> The task
Please retype the listing below word for word and exclude its images.

> Data provided
◆ ◆ ◆

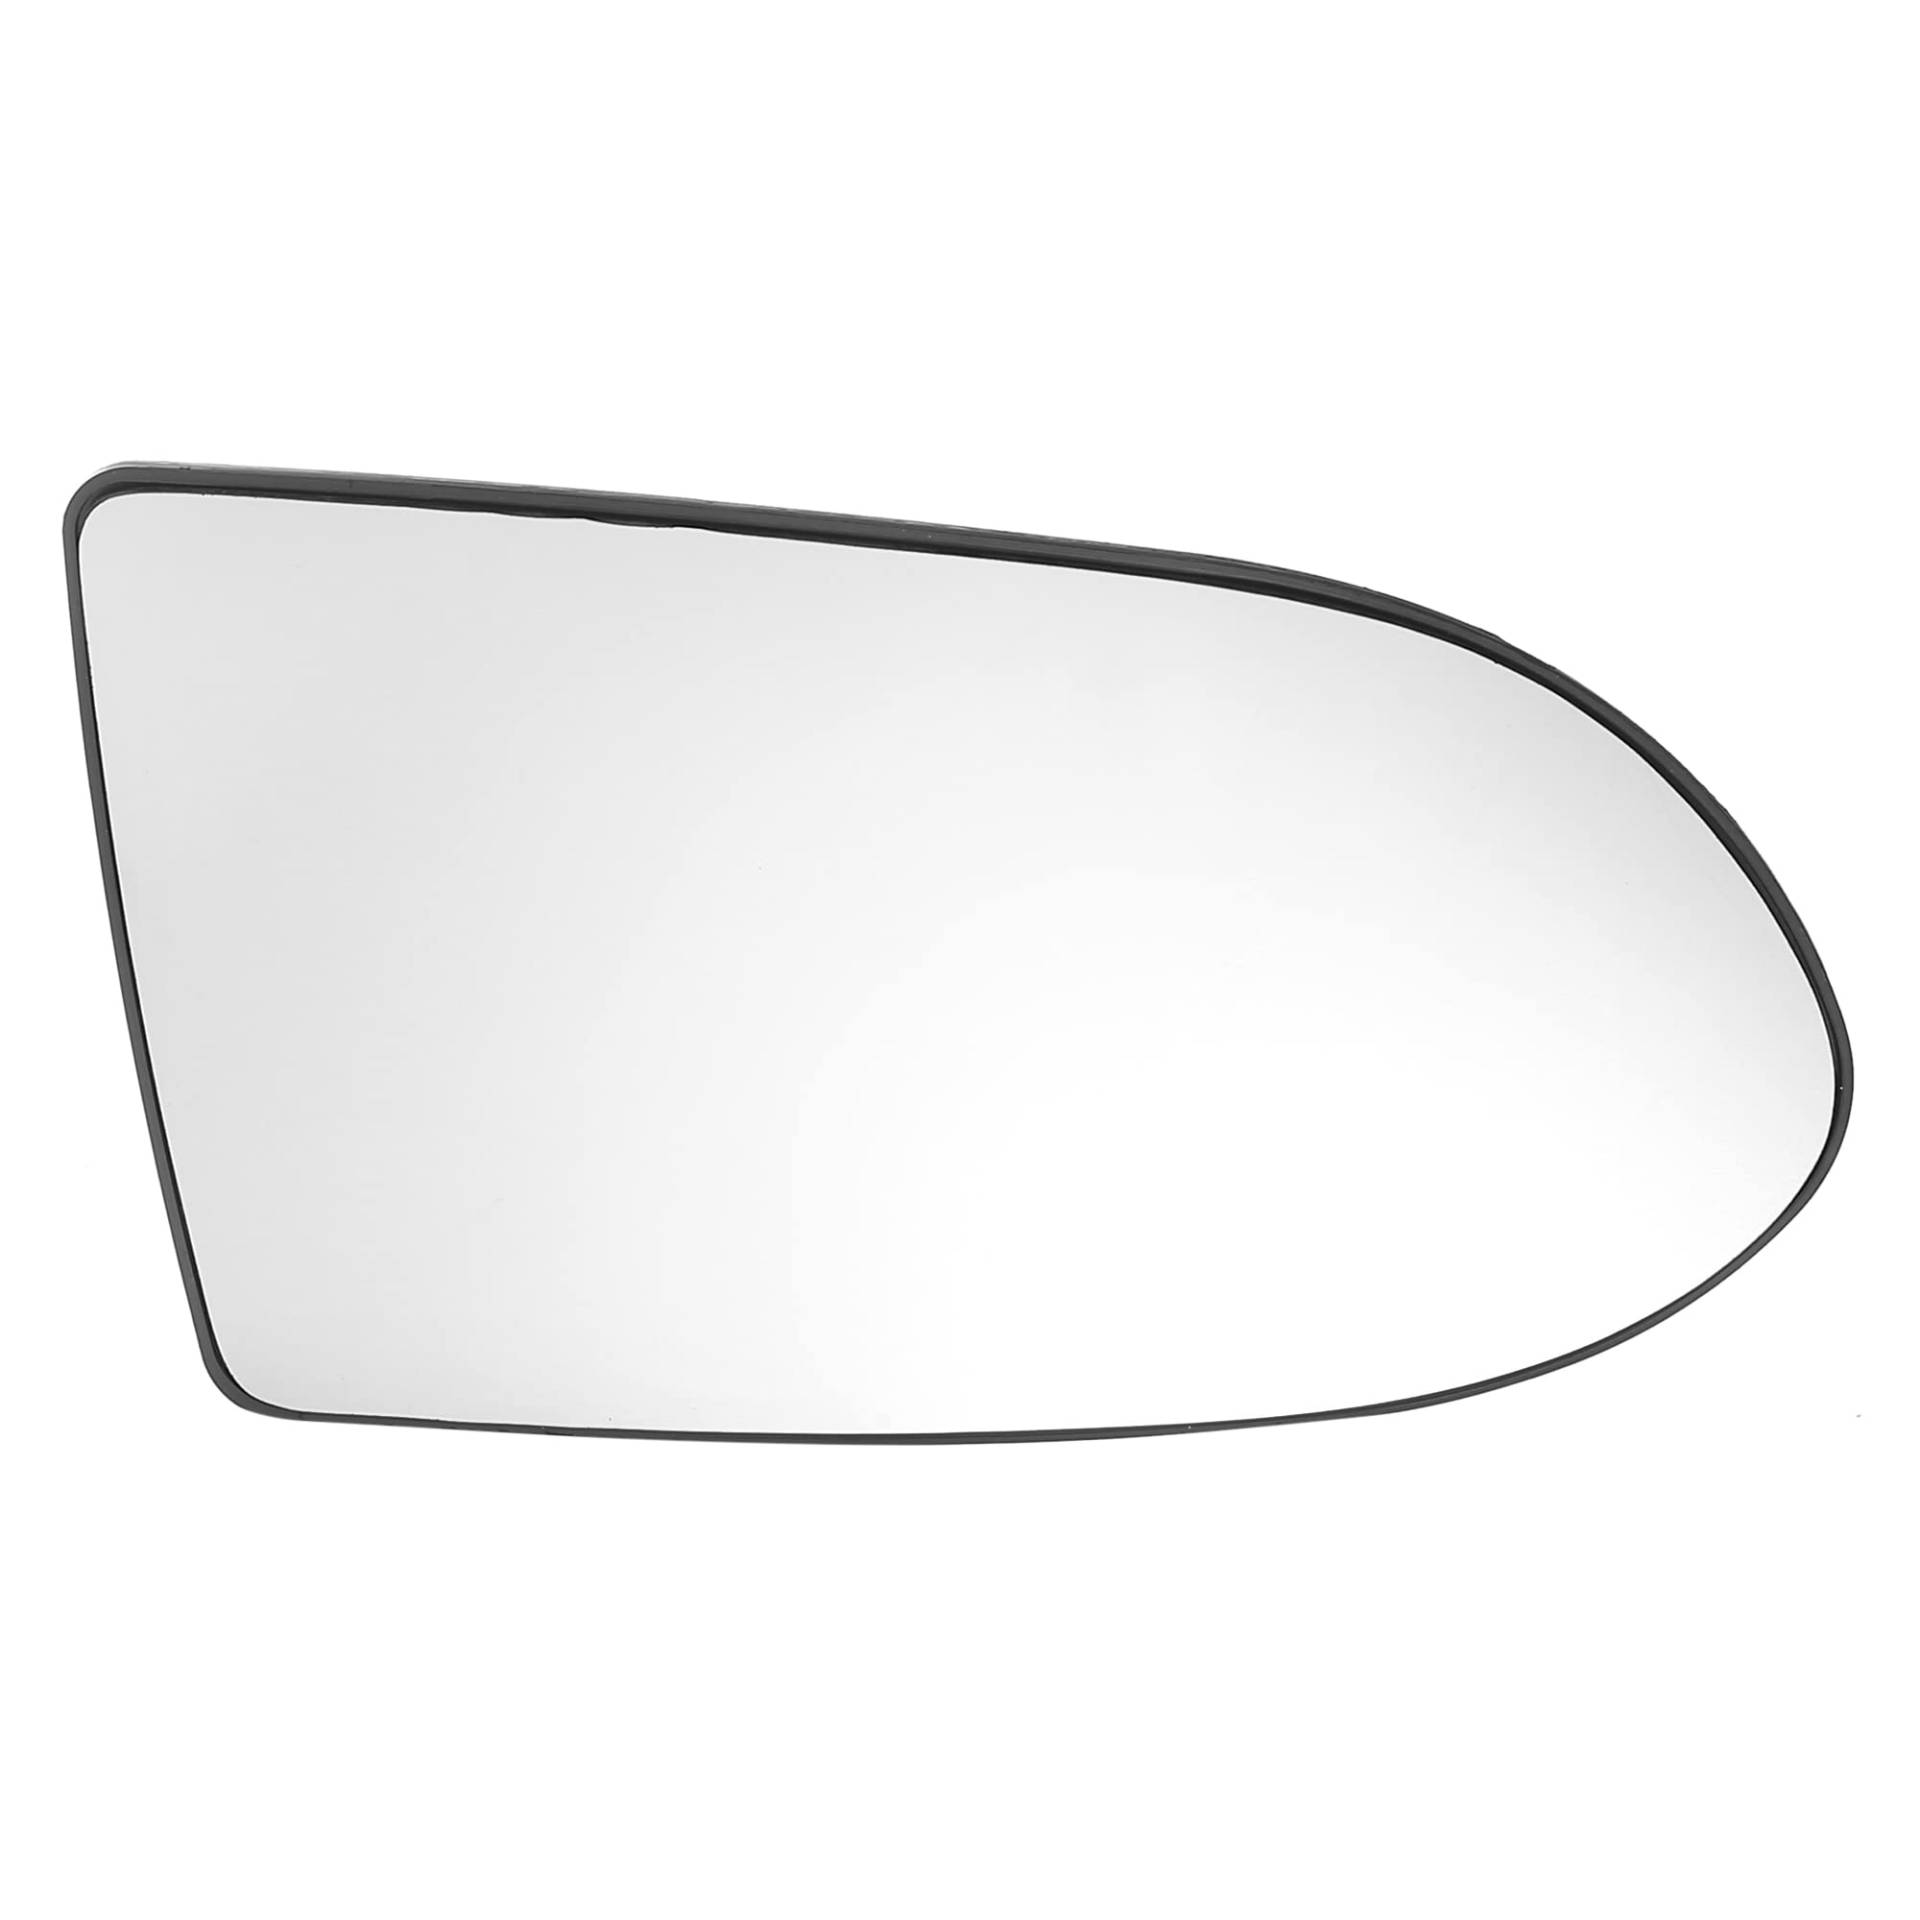 A ABSOPRO Spiegelglas Ersatz Auto Rückspiegelglas Rechts Seitenspiegel mit Heizfunktion für Opel Zafira A 1999-2005 6428750 von A ABSOPRO
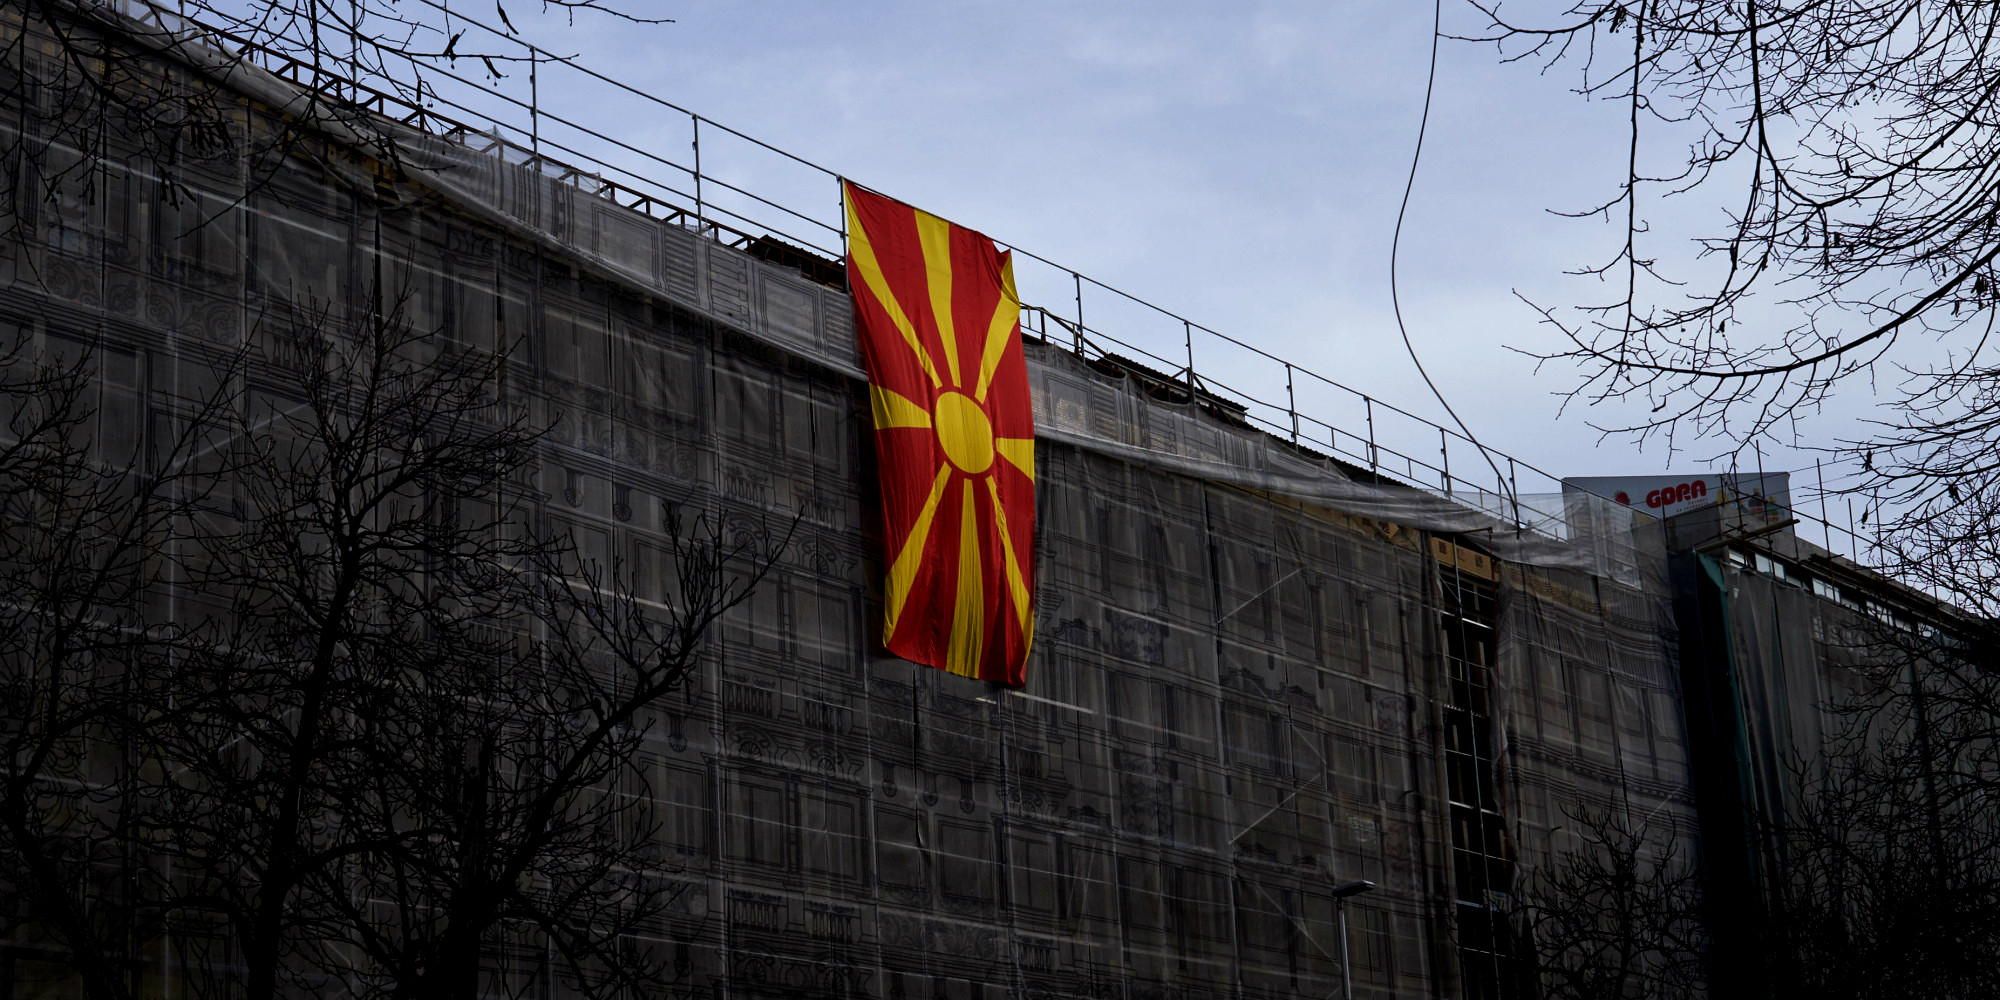 Συνάντηση αντιεξουσιαστών από Ελλάδα και ΠΓΔΜ για το Μακεδονικό
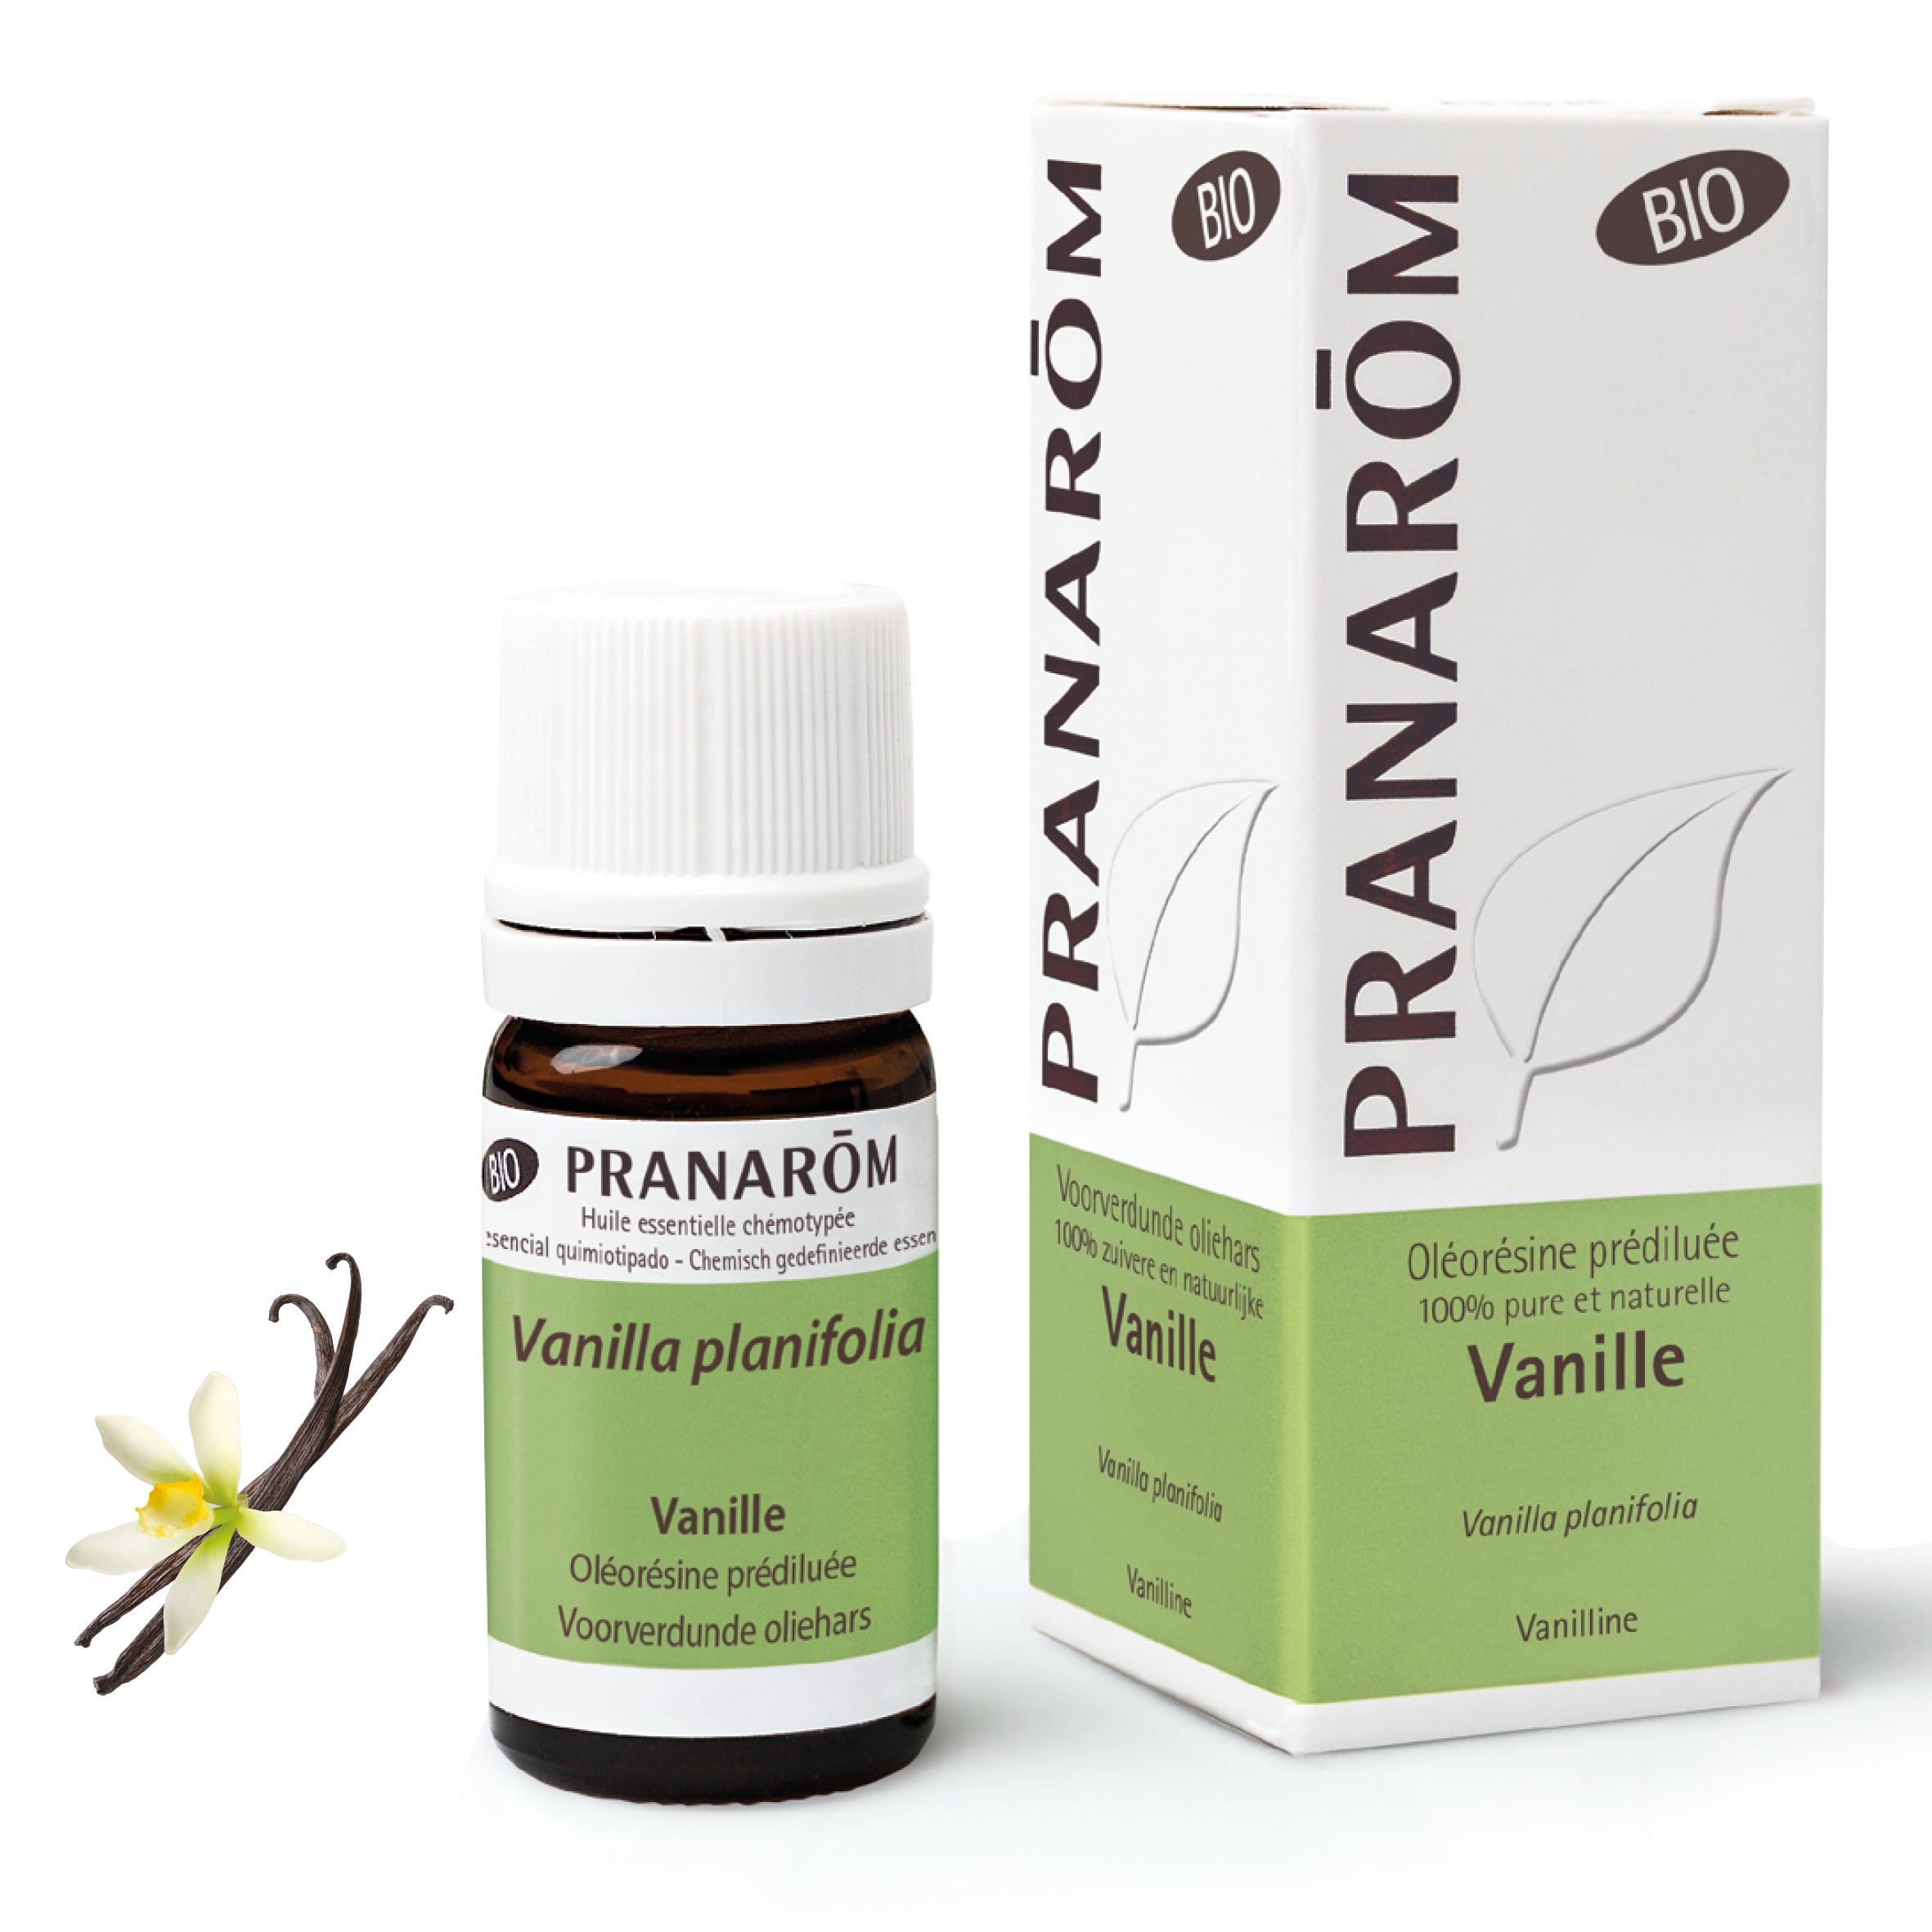 Pranarom oléorésine de vanille bio - Vanilline - Vanilla planifolia

◆ ◆ ◆

> Response to the exercise
 A ABSOPRO Spiegelglas Ersatz Auto Rückspiegelglas Rechts Seitenspiegel mit Heizfunktion für Opel Zafira A 1999-2005 6428750 von A ABSOPRO
 Συνάντηση αντιεξουσιαστών από Ελλάδα και ΠΓΔΜ για το Μακεδονικό
 Pranarom oléorésine de vanille bio - Vanilline - Vanilla planifolia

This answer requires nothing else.